=== Section Start ===

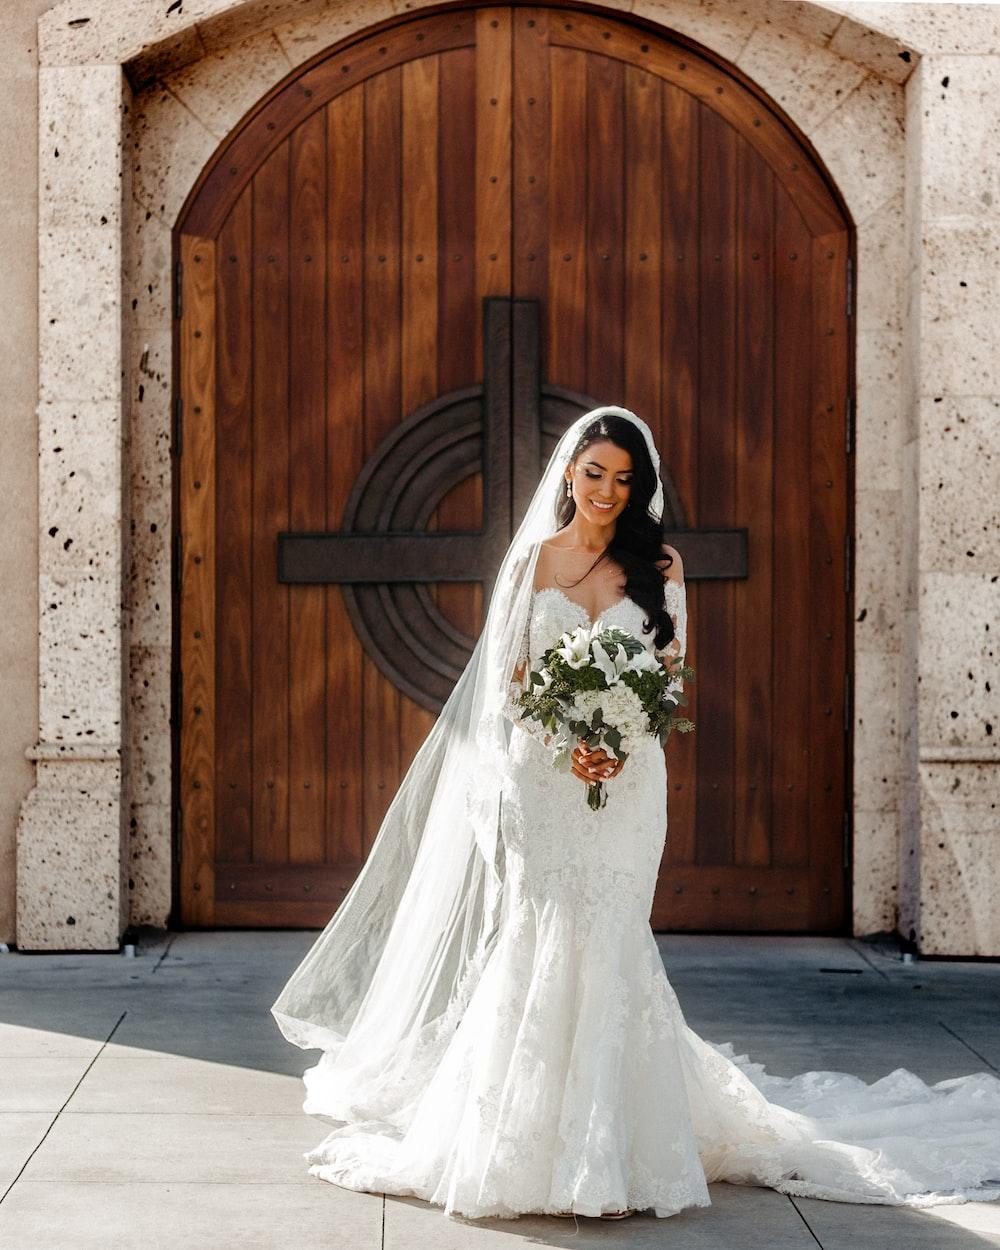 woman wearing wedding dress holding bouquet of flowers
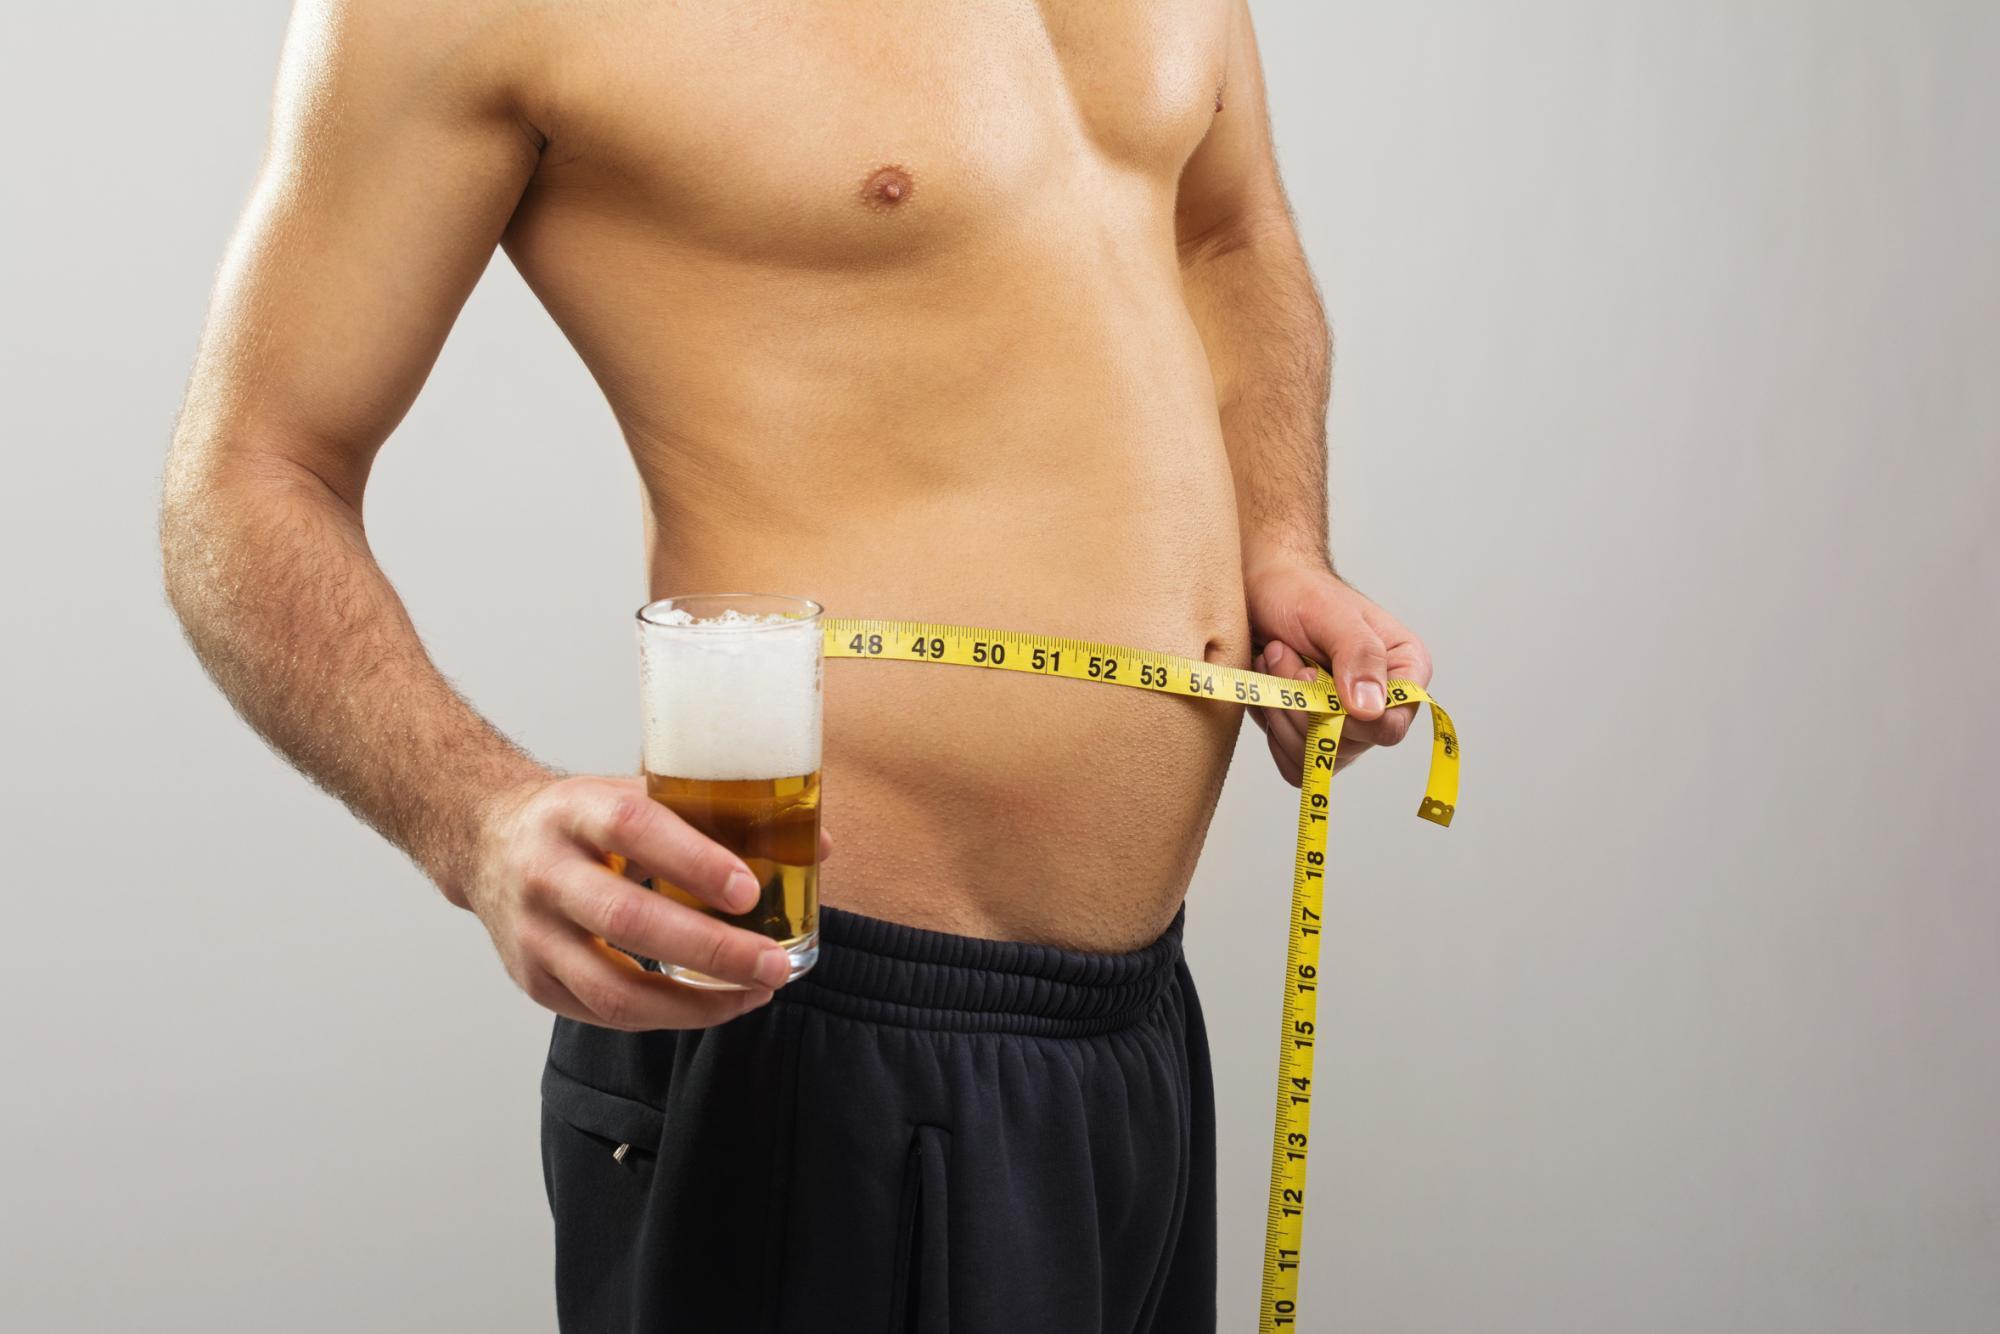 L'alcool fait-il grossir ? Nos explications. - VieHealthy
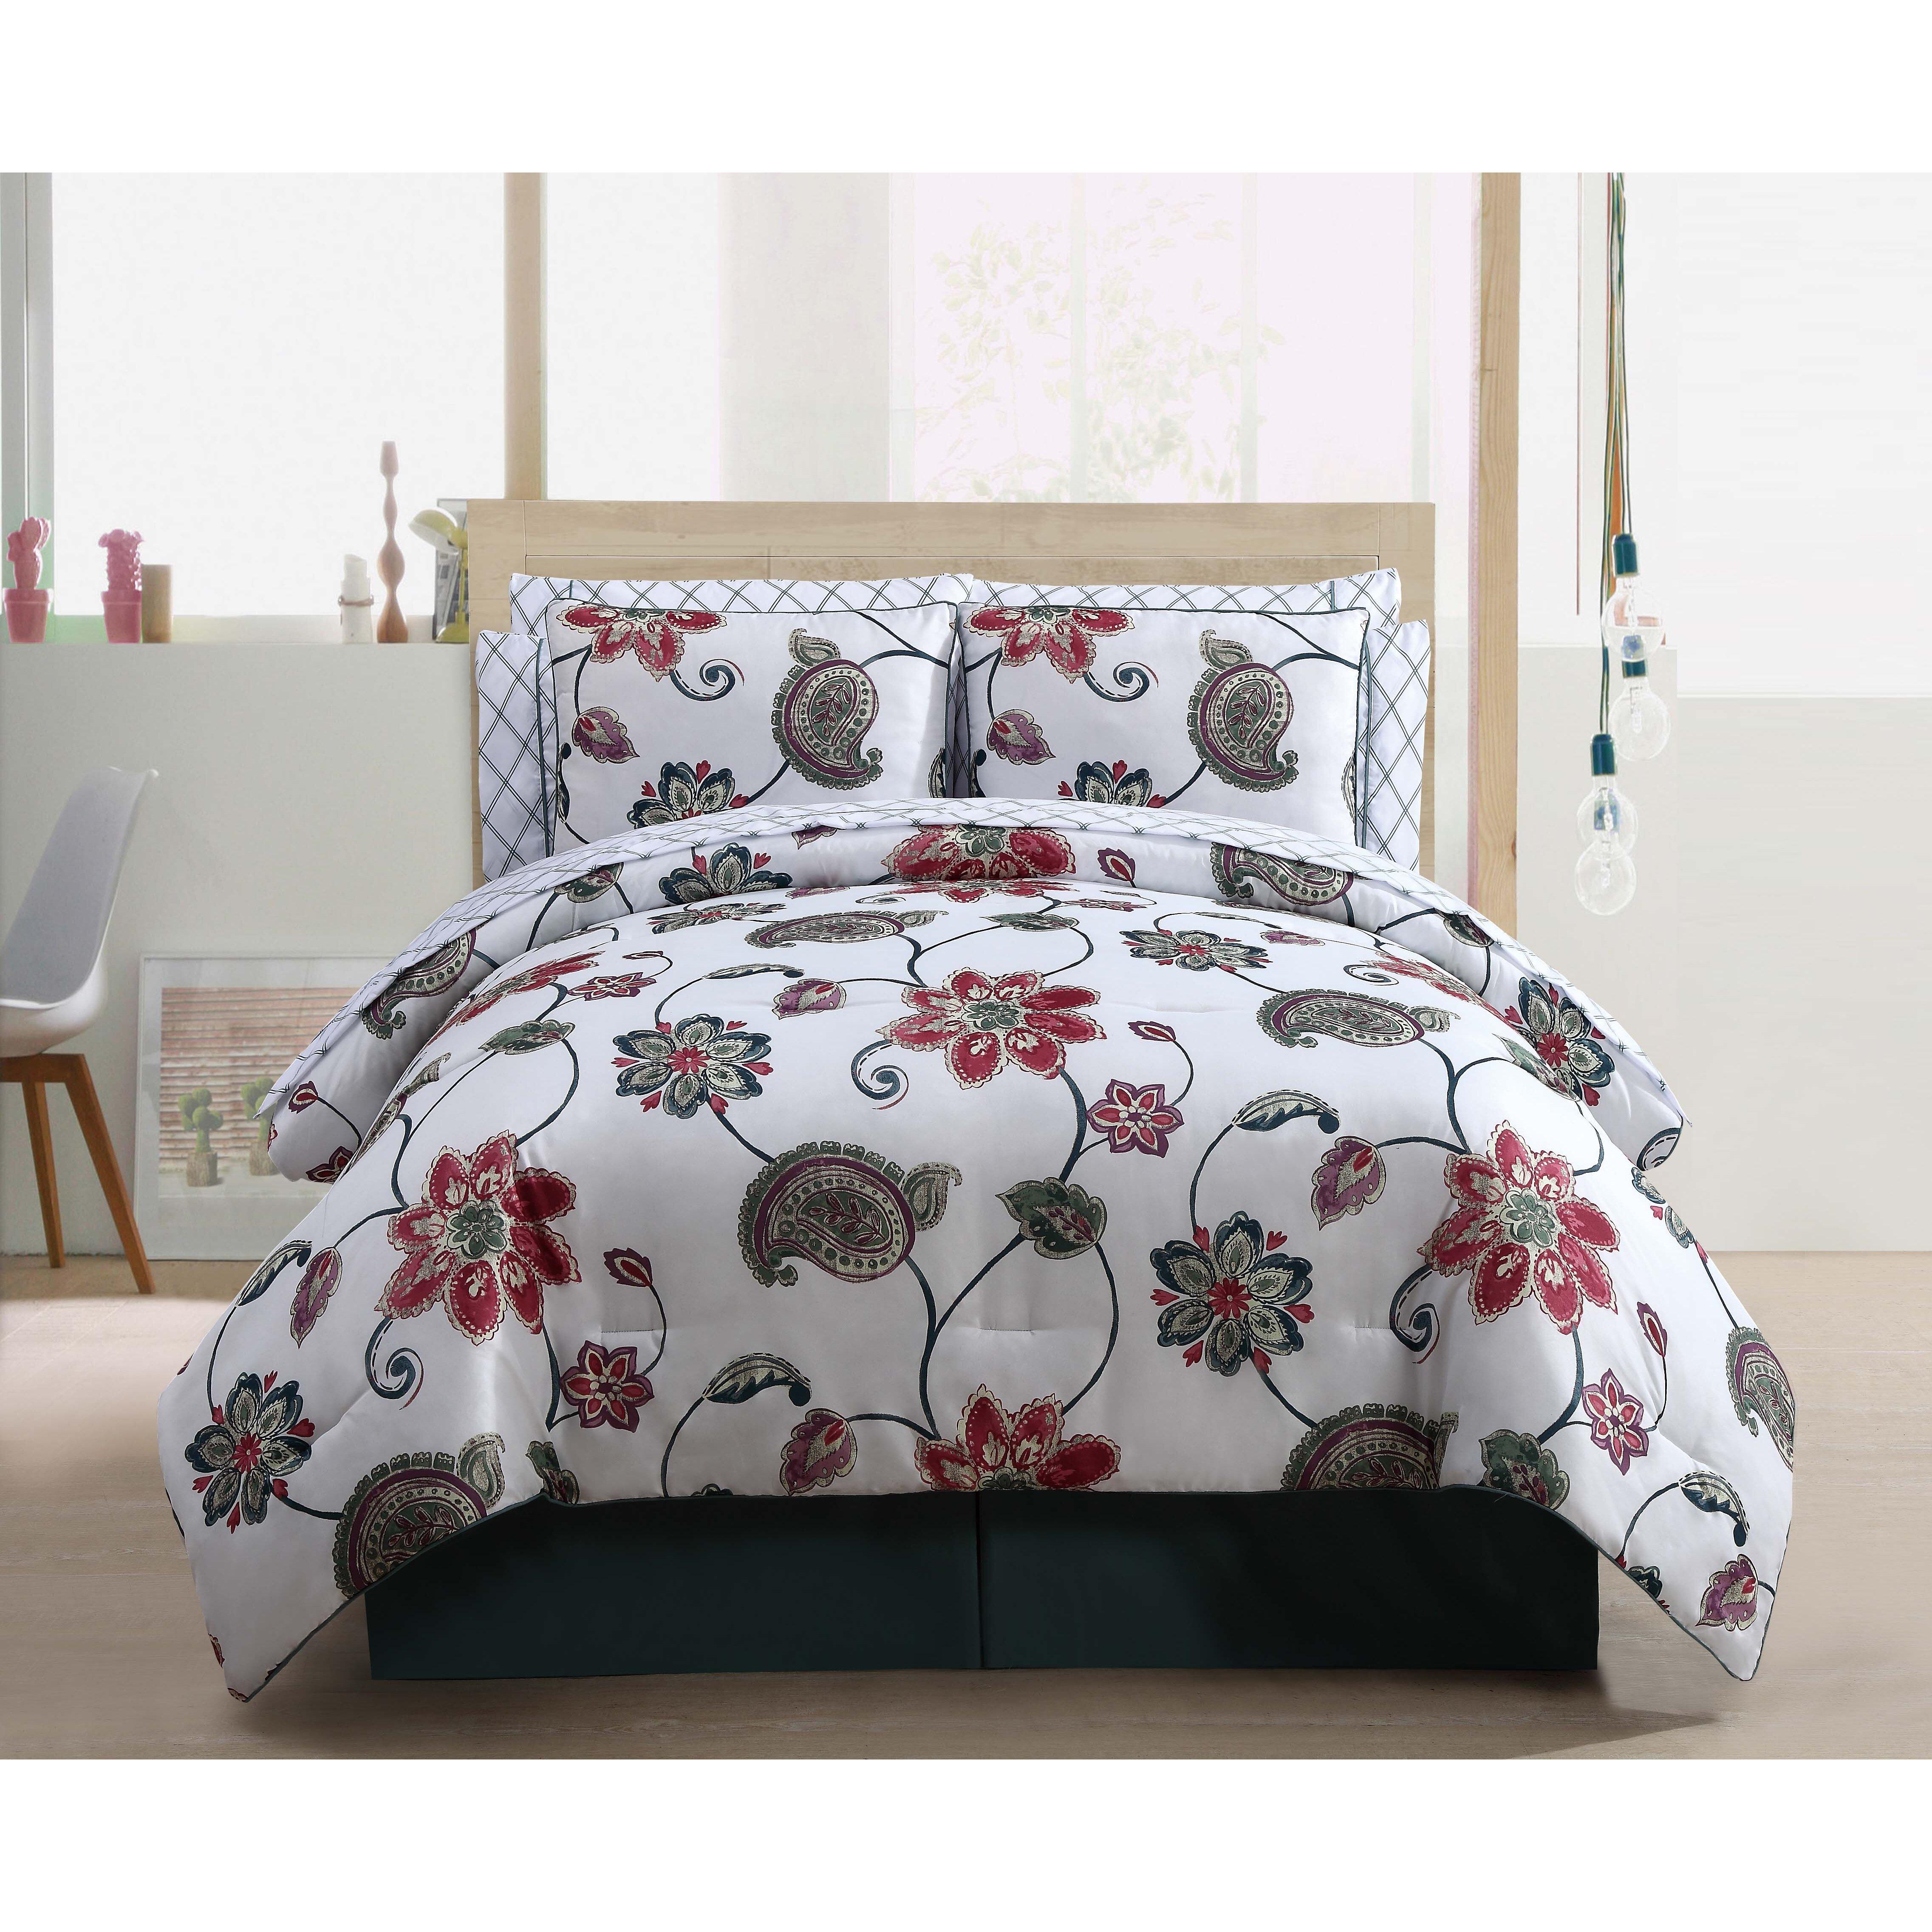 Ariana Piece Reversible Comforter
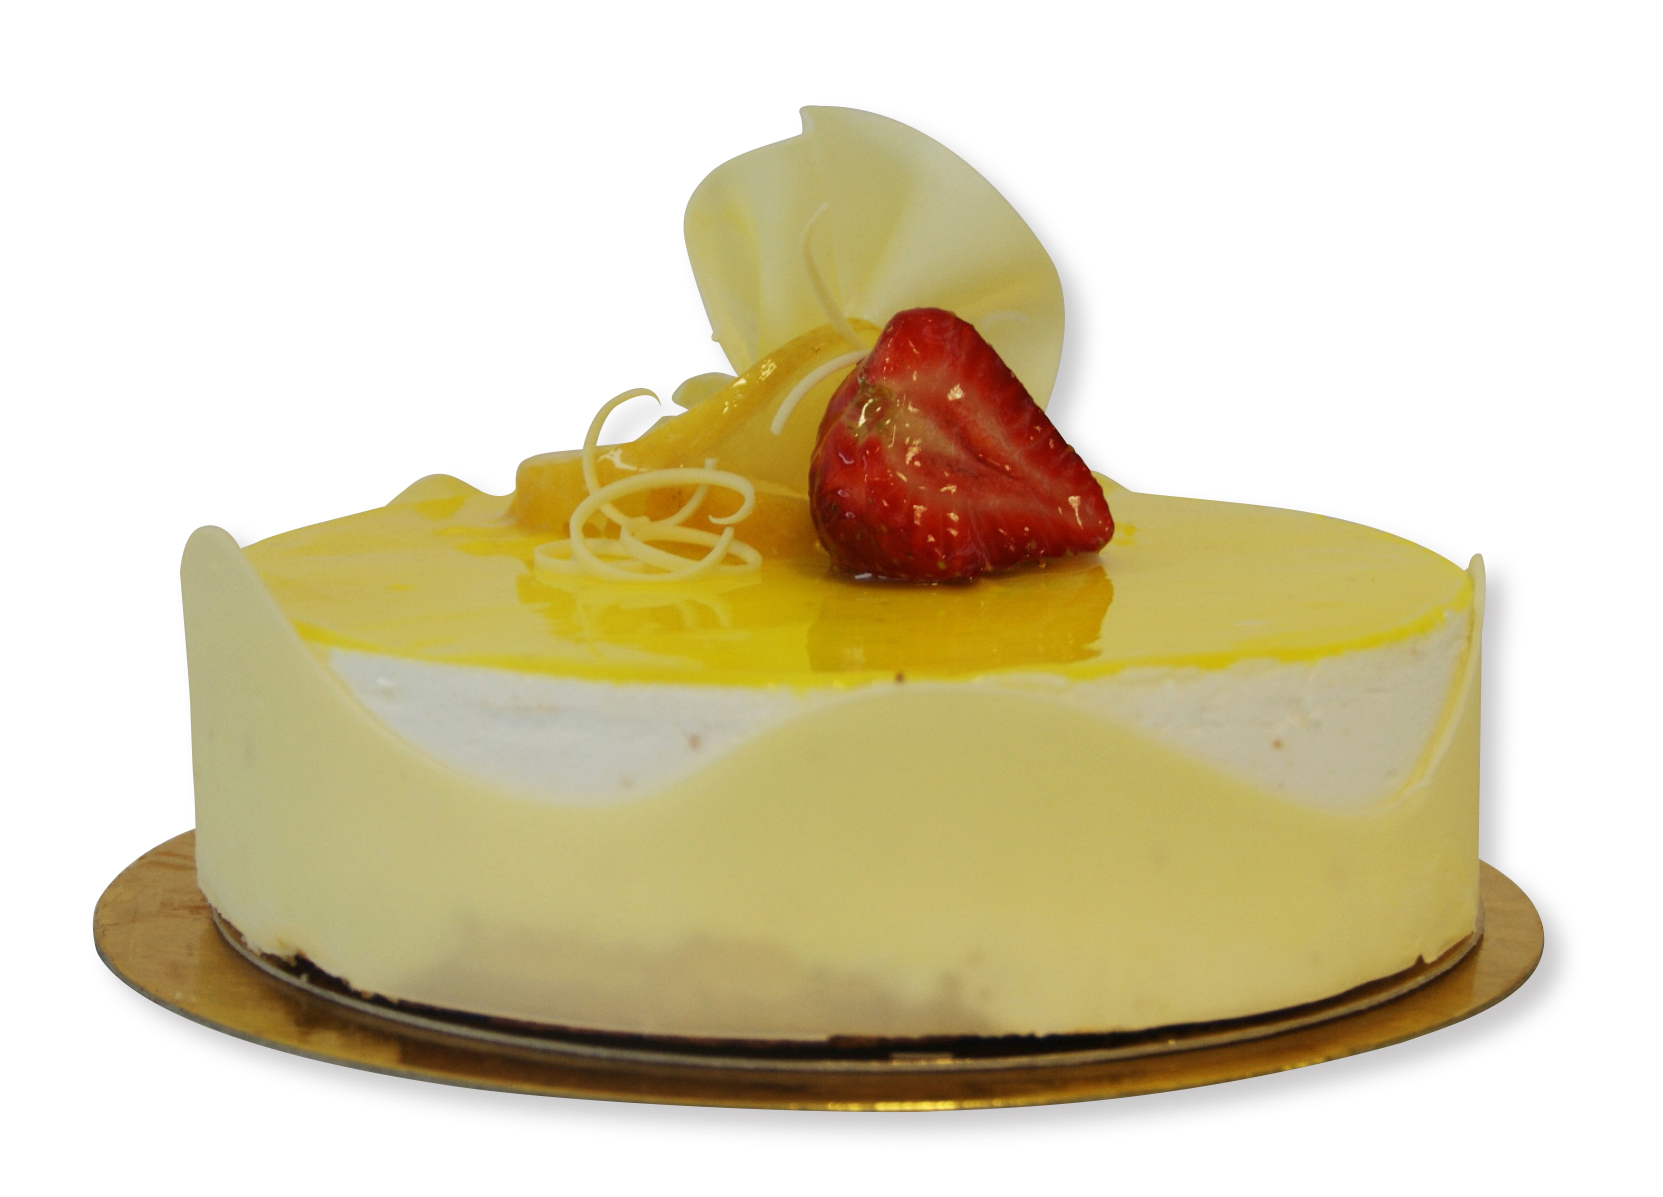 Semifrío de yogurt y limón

=== Section End ===

## Exercise
Repeat the data in full, exactly as it stands, but drop every picture.

## Response area
 woman wearing wedding dress holding bouquet of flowers
 L'alcool fait-il grossir ? Nos explications. - VieHealthy
 Ariana Piece Reversible Comforter
 Semifrío de yogurt y limón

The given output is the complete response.